Basil, Fennel and Lemon Risotto; soft food for adults

For the past few weeks I have been on a ‘soft food diet’ which has consisted mostly of scrambled eggs, macaroni cheese, custard and ice-cream.

Now before you get excited at the prospect of eating lots of ice-cream, sadly this latest fad diet is the result of some extensive (and expensive) dental work and not a revolutionary new way to lose inches; daily desserts remain the enemy of the waistline.

While eating soft food is not the world’s greatest hardship – babies seem to exist OK – I have fallen off the wagon several times and even tried eating pizza which proved to be a crunch too far for the good side of my mouth.

So needing a break from scrambled eggs I decided to broaden my soft food remit and came up with basil, fennel and lemon risotto.

I am pleased to say this rich, creamy rice dish – to which the lemon juice adds a real zing – did not offend my mouth, although the ever tightening trousers might not say the same thing… it is with good reason that ‘soft foods’ do not feature regularly in conventional diet plans!

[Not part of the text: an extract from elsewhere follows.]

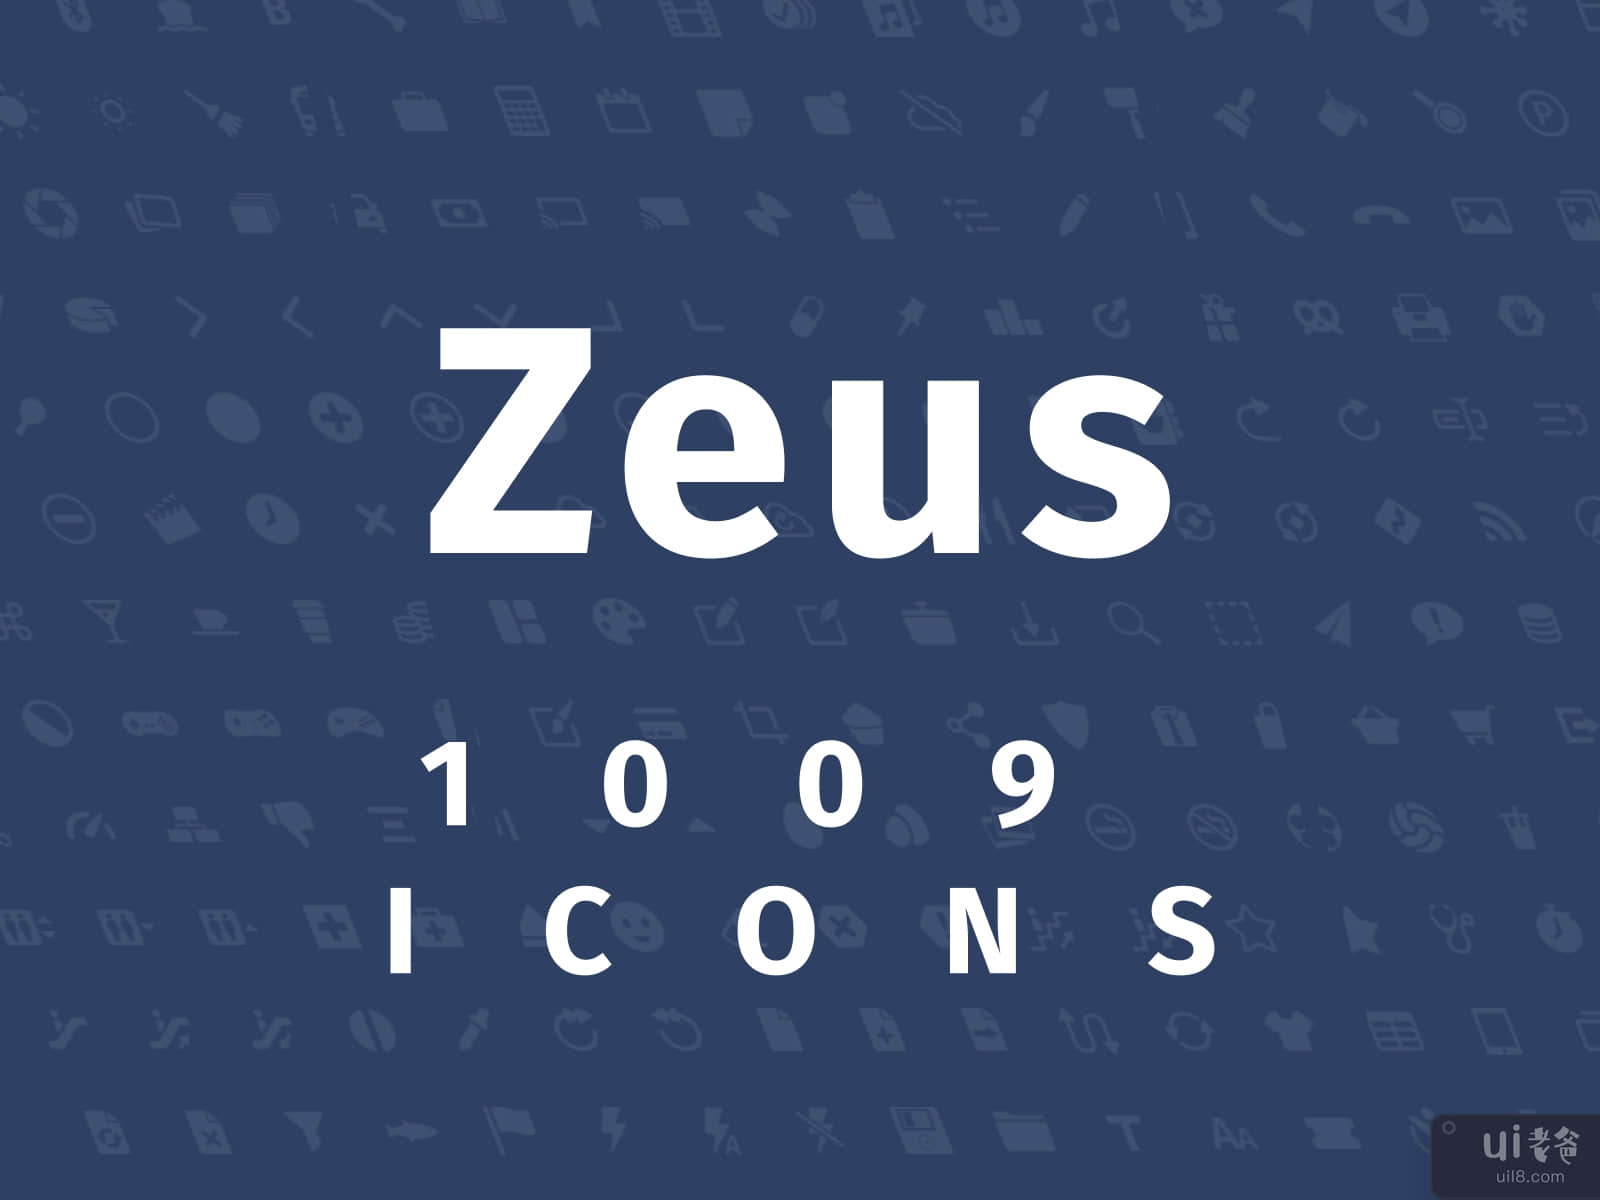 Zeus Icons Set

Basil, Fennel and Lemon Risotto

Basil, Fennel and Lemon Risotto


  • 400 grams Arborio rice
  • 1 litre of strong chicken stock
  • 1 cup of dry white wine
  • ½ onion (finely diced)
  • 20 grams butter
  • 10-15 crushed fennel seeds
  • 2 tablespoons of olive oil
  • 50 grams of fresh Parmesan cheese
  • 8-10 basil leaves (roughly chopped)
  • Zest and juice of one lemon
  • 1 teaspoon of freshly crushed black pepper
  • 1 teaspoon sea salt


  • Heat half of the butter and olive oil in a large saucepan with the fennel seeds, crushed black pepper and onion.
  • When the onion has softened, stir in the rice making sure it is well coated with the butter and oil.
  • Add the white wine and salt. Then let the rice simmer until it has absorbed almost all of the wine. Keep stirring to make sure it does not stick to the bottom of the saucepan.
  • Heat the chicken stock in a separate saucepan keeping it at simmering point – the next stage takes quite a bit of time and the stock should be hot.
  • Pour a ladleful of the stock into the rice and stir until it has all absorbed, then add another ladleful and stir… and another and stir…and keep adding until the rice has softened and become creamy. When you have used all of the stock add some boiling water if required to finish cooking the rice.
  • Now add the lemon zest, juice, basil and Parmesan and mix through. I used roughly 50 grams of Parmesan – personally I find the taste quite overpowering – so add more to suit your own tastes.
  • Remove the saucepan from the heat and add the remaining butter. Put the lid on the saucepan and let the butter melt through. Rest for a couple of minutes before serving.